South Africa's rand extends data-driven gains, stocks flat

(Updates with closing prices and fresh quotes)

JOHANNESBURG, March 23 (Reuters) - South Africa's rand maintained a data-fuelled rally on Thursday sparked in the previous session by better-than-expected current account figures and a softer inflation print.

At 1340 GMT, the rand was 0.48 percent firmer at 12.51 per dollar, having closed at 12.5700 overnight in New York, in a run that has been broad-based.

"We're seeing strength against all its frontier market currency peers, not just the dollar," said IG South Africa senior market analyst Shaun Murison, who said if the rand remains below 13 to the dollar it could make a move to 12.30.

On Wednesday, Q4 2016 current account data showed the financial deficit was at its smallest in nearly six years while February consumer inflation retreated.
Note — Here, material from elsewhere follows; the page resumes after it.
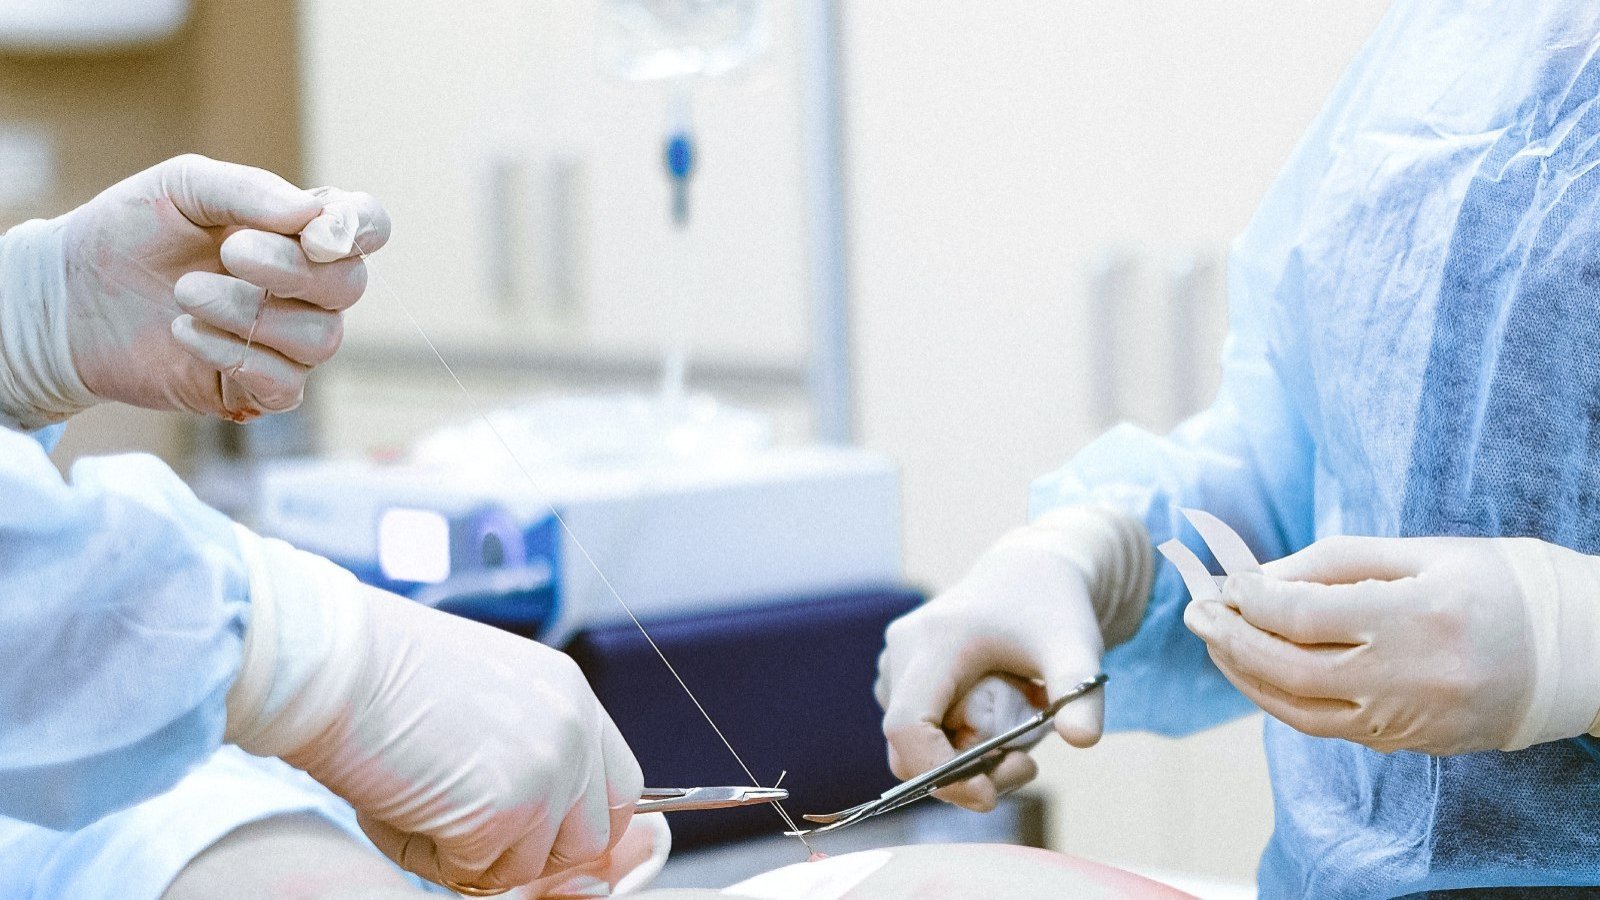 Cirujanos realizando sutura a un paciente

The data opens room for a possible rate cut by the South African Reserve Bank at its policy meeting next week but most analysts do not see this until early next year as it remains cautious about currency moves, a Reuters poll forecast indicated on Thursday.

Stocks ended flat in line with the opening of U.S markets, which were little moved in early trade amid signs that President Donald Trump is struggling to get enough votes to pass a healthcare bill in Congress.
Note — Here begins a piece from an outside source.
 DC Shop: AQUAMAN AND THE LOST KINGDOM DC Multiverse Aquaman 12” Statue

Decliners included South Africa's Life Healthcare, which closed 2.2 percent lower after announcing the price of its 9 billion rand ($720 million) rights issue at a larger than expected discount on Wednesday.

"This was the first time they disclosed the rights issue price ... (at) a discount of around 30 percent which is larger than the market expected," said 36One Asset Management analyst Shmuel Simpson.

On the bourse, the benchmark Top-40 index dipped 0.02 percent to 44,845.23 points while the All-Share index crept 0.13 percent lower to 52,027.98 points.

In fixed income, government bonds were little changed with the yield on 2026 benchmark up 1 basis point to 8.330 percent.